Mass transfer in trickle-bed reactors at low reynolds number

Abstract

Mass transfer rates were determined in a 3.4 cm i.d. trickle-bed reactor in the absence of reaction by absorption measurements and in presence of reaction. Gas flow rates were varied from 0-100 l/h and liquid flow rates from 0-1.5 l/h. The catalyst particles were crushed to an average diameter of 0.054 and 0.09 cm. Mass transfer coefficients remained unaffected by change in gas flow rate but increased with liquid rate. The data from absorption measurements were evaluated with predictions based upon plug-flow and axial dispersion model. Mass transfer coefficients were found greater in case of axial dispersion model than that of plug-flow model specially at low Reynolds number (Re 1 < 1). Hydrogenation of α-methylstyrene to cumene using a Pd/Al 2O 3 catalyst was taken as a model reaction. Intrinsic kinetic studies were made in a laboratory-stirred-autoclave. Mass transfer coefficients were determined using these intrinsic kinetic data from the process kinetic measurements in trickle-bed reactor. Mass transfer coefficients under reaction conditions were found to be considerably higher than those obtained by absorption measurements. Correlations were suggested for predicting mass transfer coefficients at low Reynolds number. The gas to liquid mass transfer coefficients for lower gas and liquid flow rates were determined in a laboratory trickle-bed reactor. The effect of axial dispersion on mass transfer was considered in order to evaluate the experimental data. Three correlations were formulated to calculate the mass transfer coefficients, which included the effect of liquid loading, particle size and the properties of the reacting substances.
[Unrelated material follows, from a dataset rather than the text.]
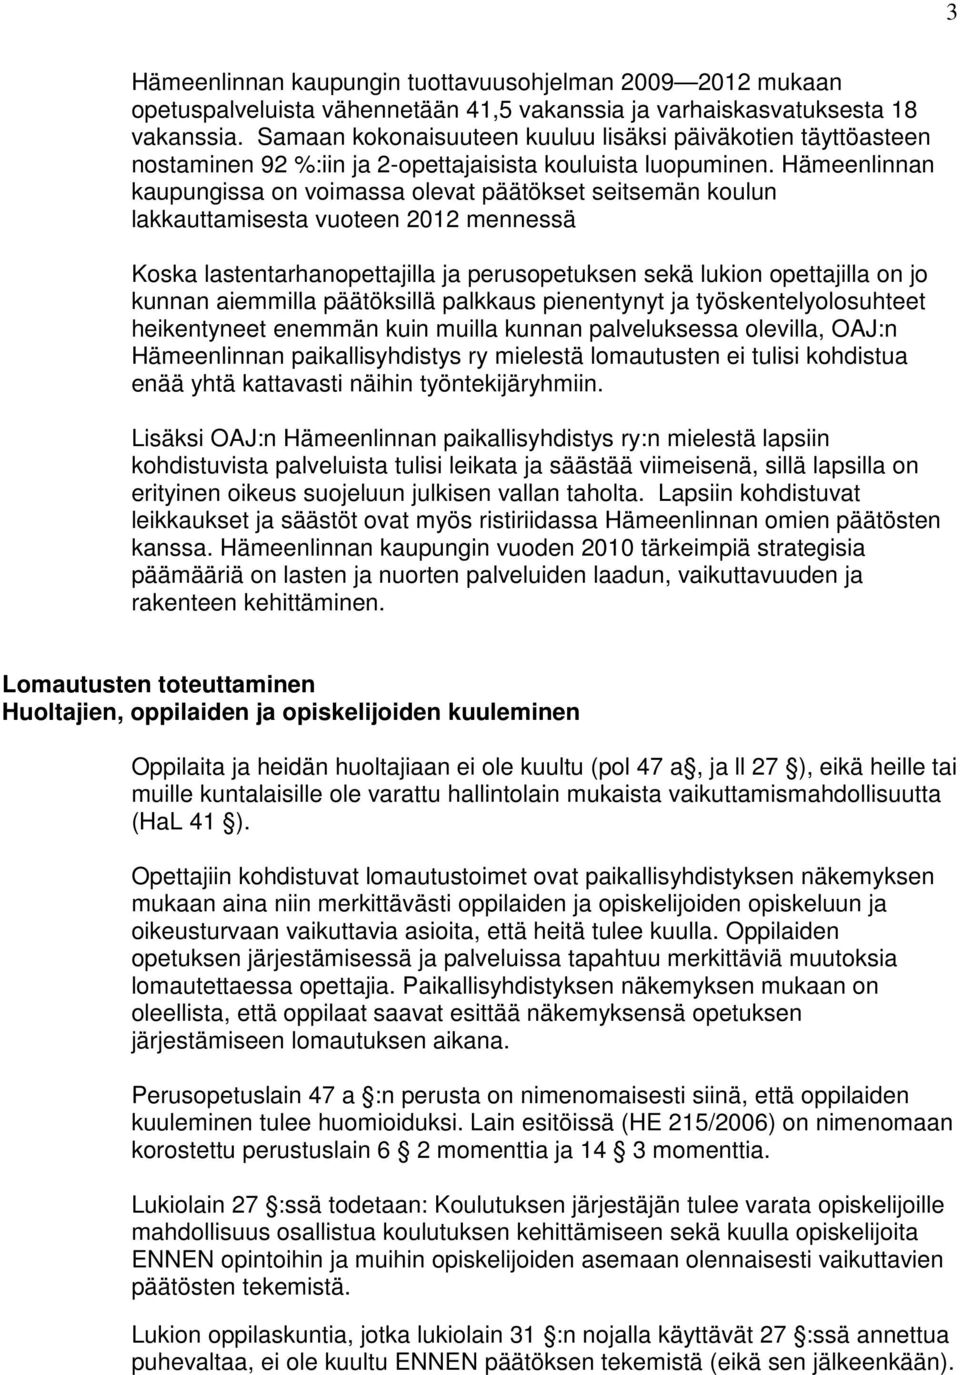 Hämeenlinnan kaupungissa on voimassa olevat päätökset seitsemän koulun lakkauttamisesta vuoteen 2012 mennessä Koska lastentarhanopettajilla ja perusopetuksen sekä lukion opettajilla on jo kunnan

The gas flow rate influences the gas to liquid mass transfer only in the region of low gas velocities. In the additional investigations of gas to liquid mass transfer without reaction in trickle-bed reactor, the mass transfer coefficients were determined under reaction conditions and the intrinsic kinetics was studied in a laboratory scale stirred autoclave with suspended catalyst. A few correlations are formulated for the mass transfer coefficients. A comparison with the gas-liquid mass transfer coefficient obtained by absorption measurements showed considerable deviations, which were illustrated phenomenologically.